I don’t know about you, but I would have been boohooing for days. Crying for me is cleansing, a salve to heal my soul. Still, many individual have difficulty expressing their feelings, especially the “negative” kind, like sadness, fear, and grief. Like my client, many people were taught that being emotional means being weak, overly sensitive, or disrespectful. Buck up and stop being a crybaby. There’s nothing to be afraid of (you wimp). Don’t you raise your voice young lady! That’s no way for a nice girl to act.

Thankfully, times are changing. Daniel Goleman’s book on Emotional Intelligence (EQ) has changed our minds and begun to change our hearts. Yet still, EQ only scratches the surface. It doesn’t address what’s tucked away in Pandora’s Box. That’s why my client, and millions of people all over the globe, continue to numb their feelings with alcohol, drugs, food and other addictive pastimes; distract themselves with work, shopping, and other compulsive activities; or dissociate from painful memories for fear that overwhelming emotions will take them down.

Being aware of your feelings IS the first step, but it’s insufficient in creating a healthy life. Renowned neuroscientist, Candance Pert, has proven that emotions reside in every cell of our bodies, and that when we stifle the flow of our emotional energy, sorrow can turn into depression, anger into aggression, and fear into phobias or panic attacks. And it’s not only our mental health that is negatively affected. Neuroscience is proving that bottled up emotions can contribute to systemic inflammation in our bodies which results in cancer, heart disease, and Alzheimer’s.

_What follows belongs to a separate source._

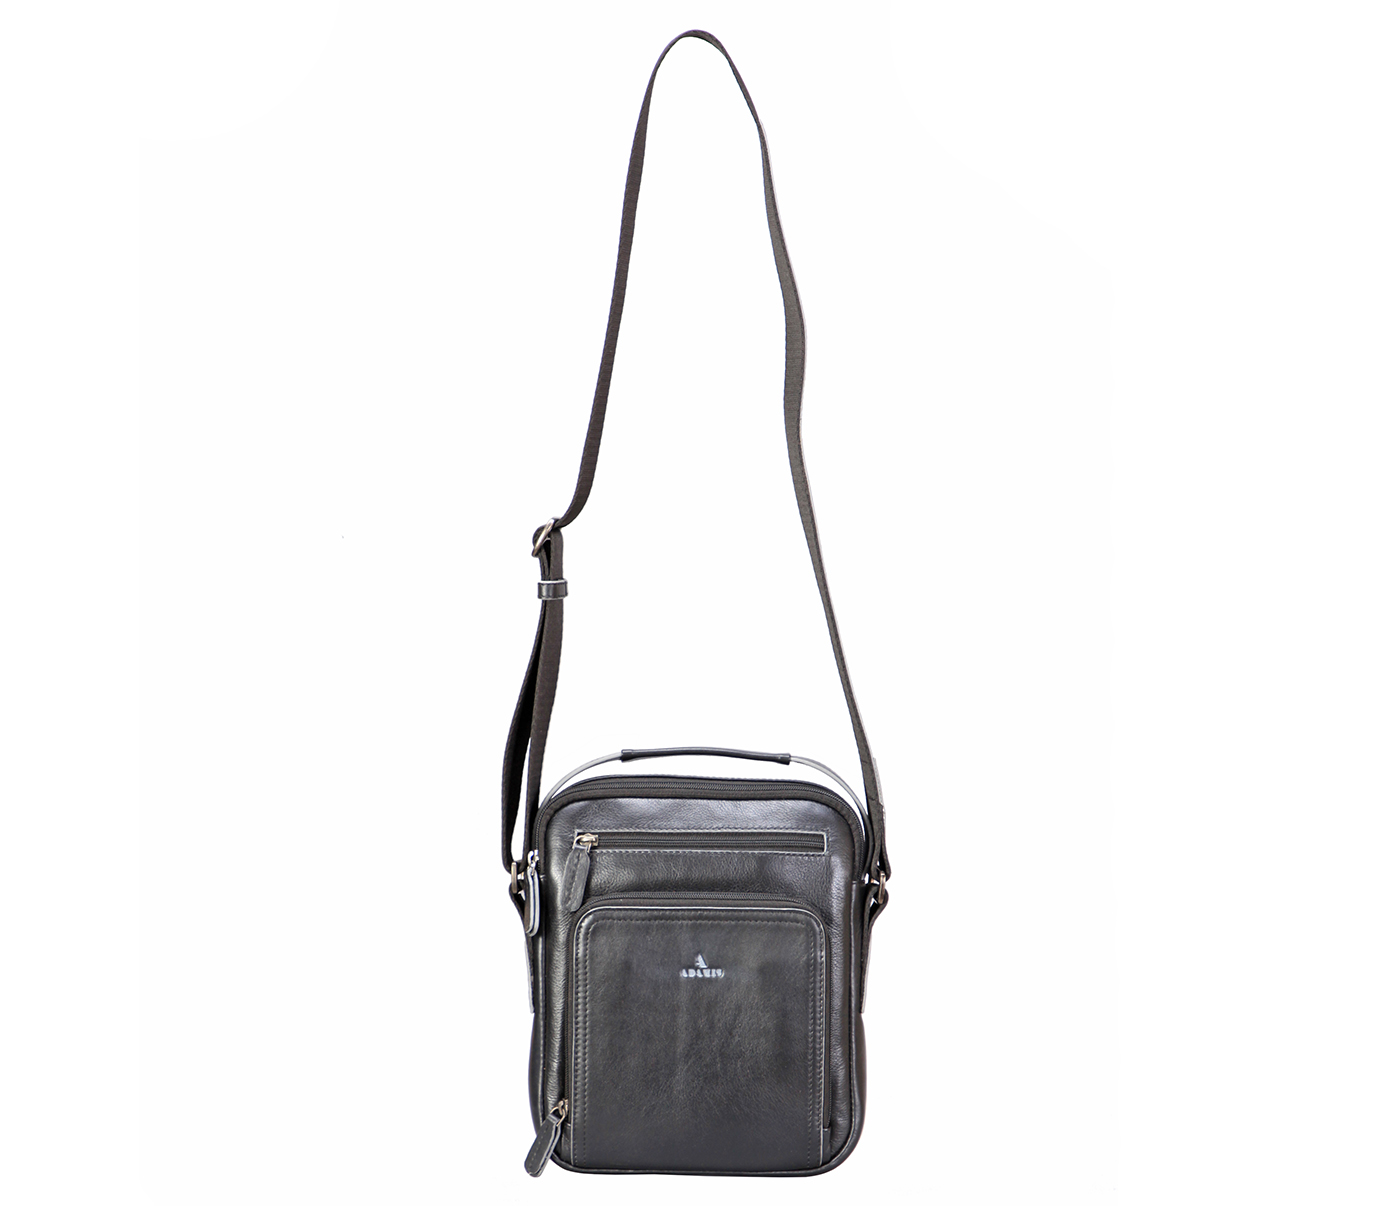 P38-Rafael-Men's travel pouch in Genuine Leather - Black

To live our best lives and die with little regret, I believe it’s essential to let out our feelings in a constructive manner. According to author and psychotherapist, Miriam Greenspan…

Goleman’s focus on the need to control potentially destructive impulses neglects the value of free-flowing emotional energy when it’s mindfully tolerated. The free flow of the dark emotions can’t happen in a contain-and-manage kind of process. What Goleman wants control to accomplish is better accomplished through emotional tolerance and mindfulness. These skills prevent the dark emotions from becoming destructive. When we can tolerate emotional energy mindfully, we can control our impulses without suppressing our emotions. Strictly speaking, it’s not our emotions that we control, but our actions. The emotional intelligence of the dark emotions moves us not to management but to transformation.

Learning to be emotionally honest can be scary. Expressing your feelings to those that matter does take courage. But remember, if you learned to suppress you can learn to express.

If you need a helping hand in opening up your Pandora’s Box, I highly recommend Greenspan’s book, Healing Through the Dark Emotions. But don’t stop there. Spend some time with a trusted therapist or a caring friend who can comfort you along the way.